Reforms may be needed if above (I) is to be adopted such as: (a) Separation of Judiciary in letter and spirit.

Following bills of this writer submitted to Parliament, as were published in his book 'Parliament and I' as well as in some newspapers, the move may be taken, if necessary with further modifications. e.g. -- (i) Bill to amend Article 96 regarding embarrassment of Judges; and, (ii) Bill to amend Articles 95 and 96 for appointment of Judges.

Reforms may also be needed if (II), as noted above, is to be adopted such as:  (a) to avoid hassle for the time being we may consider the Indian reform of S.J.C. save that the Speaker   shall nominate a high profile amicus curiae to preside over the S.J.C. in consultation with the Leader of the House and that of the Opposition.

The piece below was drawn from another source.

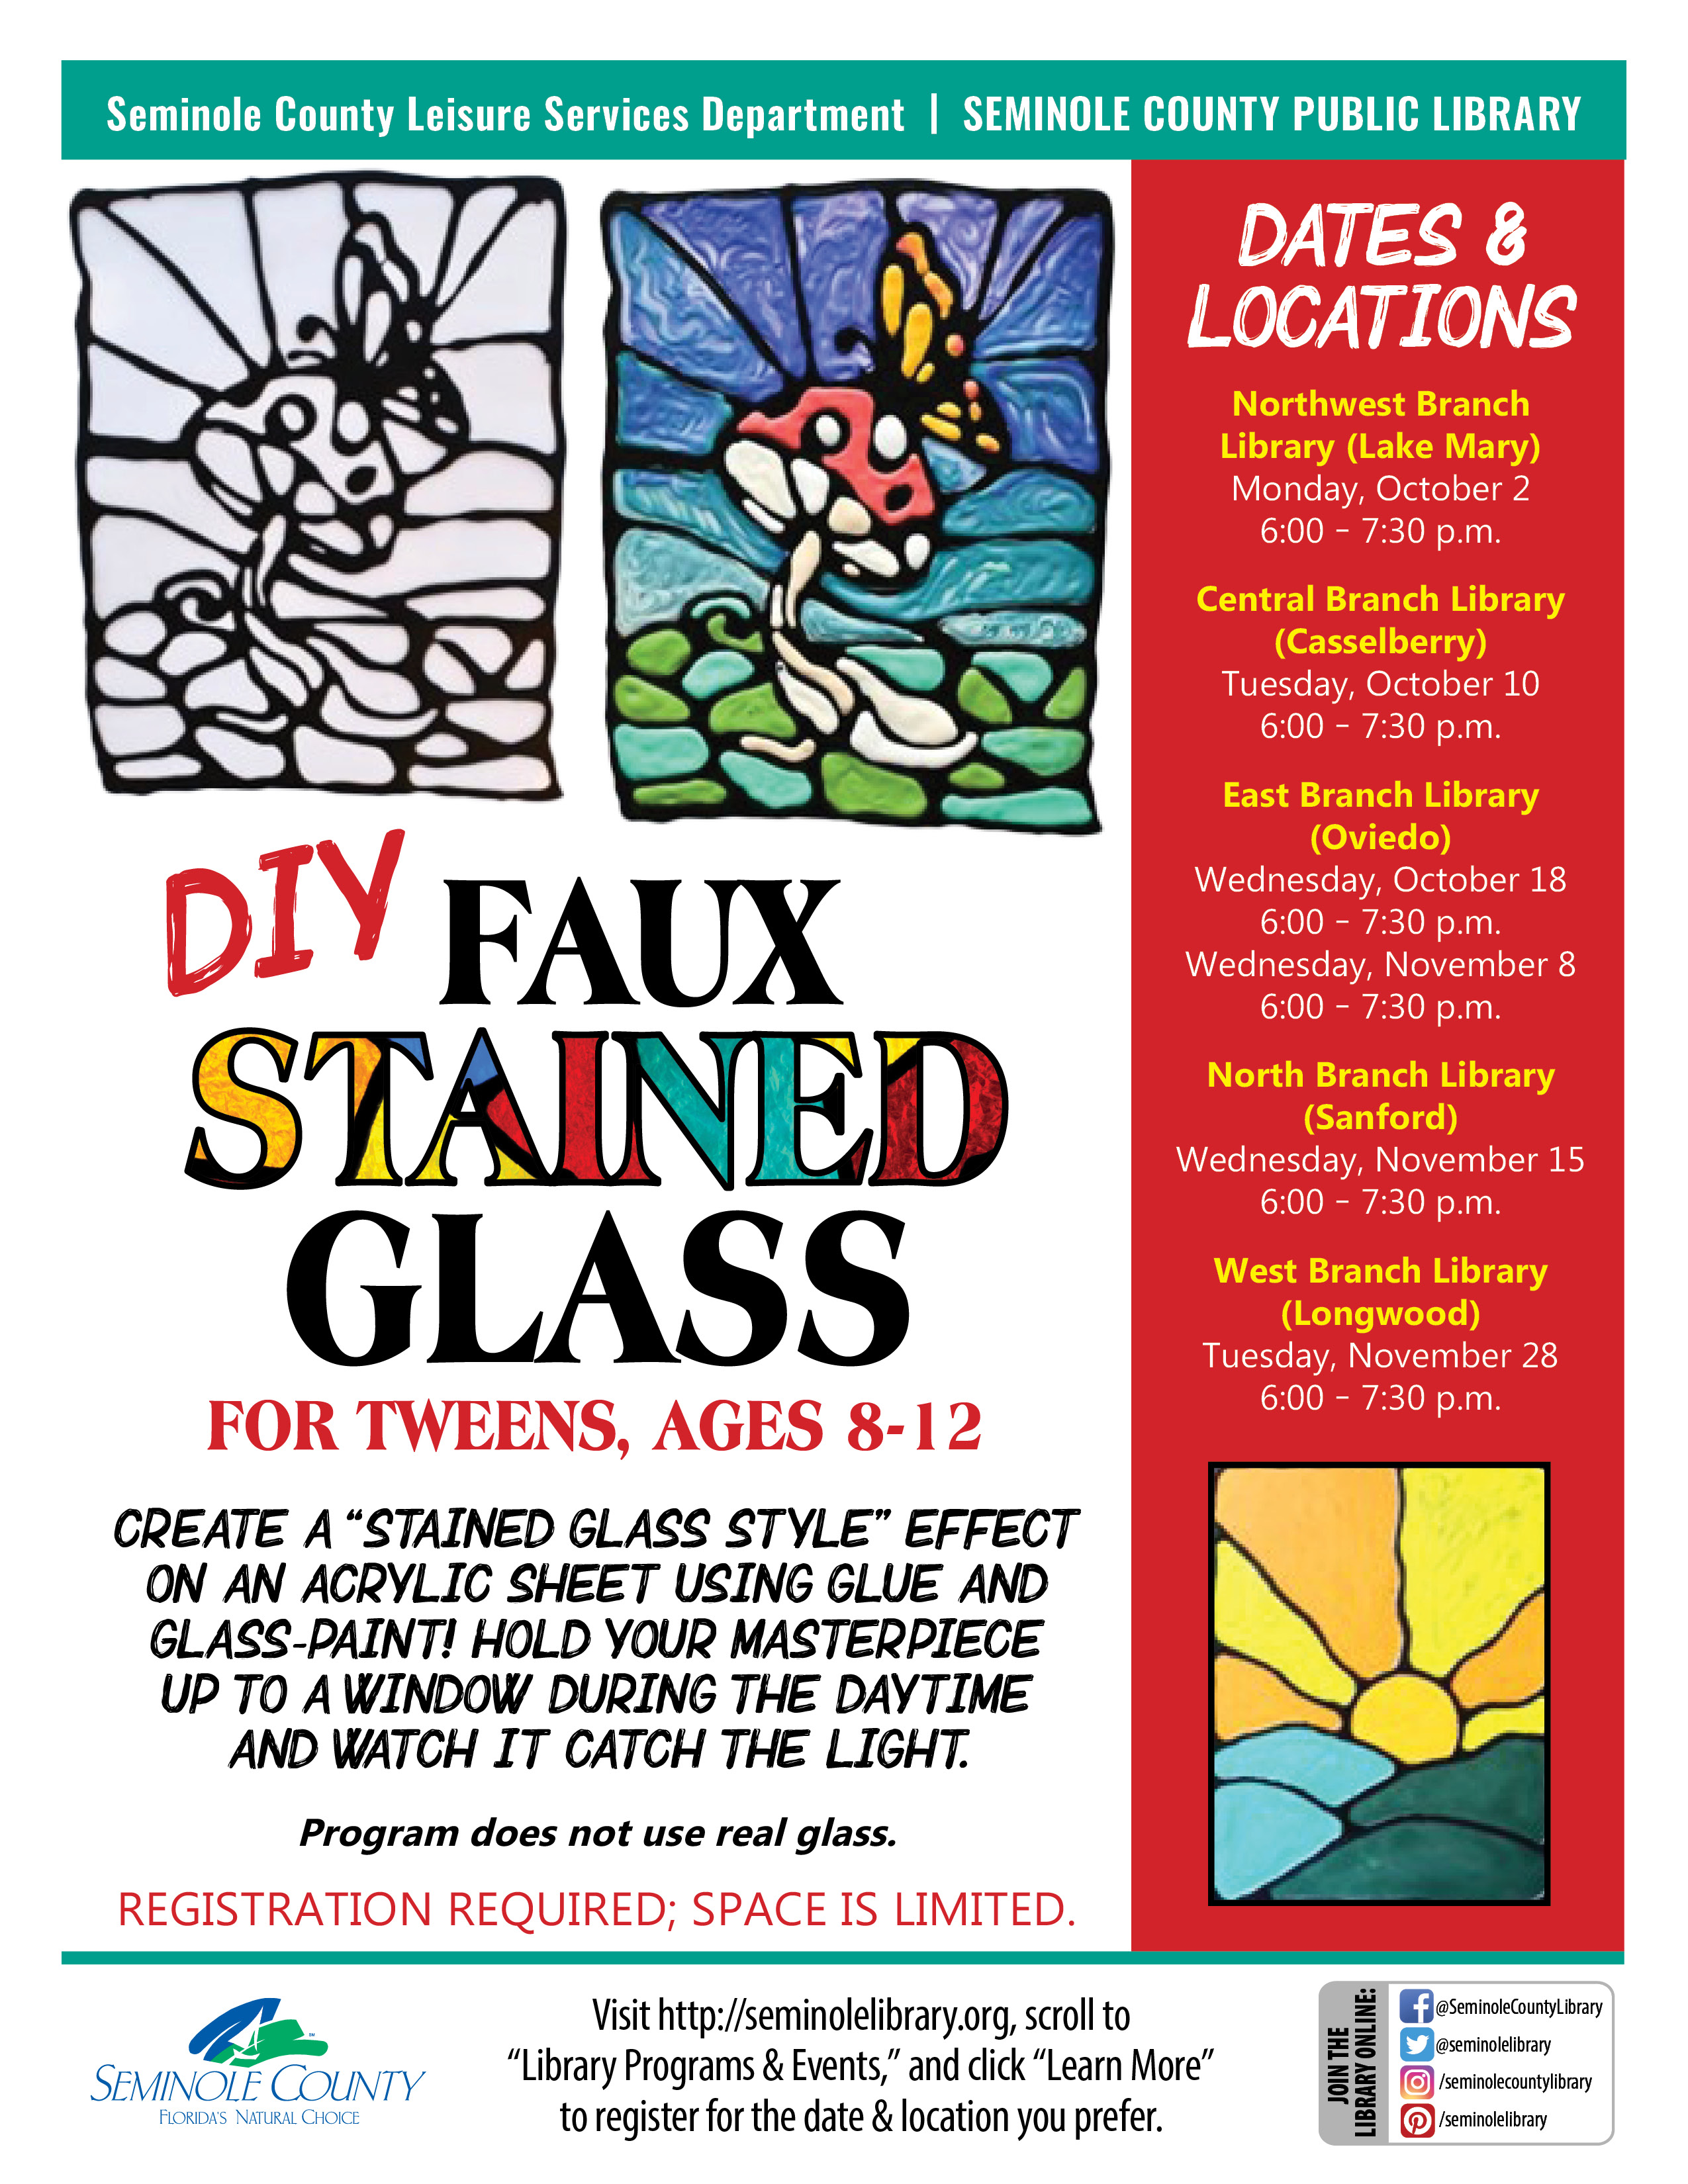 DIY Faux Stained Glass for Tweens

Until we change our mono-cameral system of the House to a bi-cameral one, we continue with CJ and two next senior Judges of the SC to remain as other members of the SJC along with an amicus curiae; (b) alternatively, we may also revert to the 1972 Constitution empowering Parliament for impeachment of Judges. We would, however, for all fairness need obviously the following reforms, inter alia, in order to guard off any possible coercive actions by Parliament to bring about an internal check and balance system.

The key points are as follows: (i) Election system be changed from the existing system of first-past-the-post to a more   representative one like proportionate representation - e.g. New Zealand system; (ii) To introduce 'Yes' or 'No' vote system in the ballot; and (iii) Article 70 be repealed and made applicable in case of no-confidence vote to avoid horse trading and at the most be applicable at the time of passage of the national budget.

The writer is a former State Minister, Ministry of Civil Aviation & Tourism and Textiles, a former Member of Parliament and a former President, South Asian Federation of Accountants (SAFA).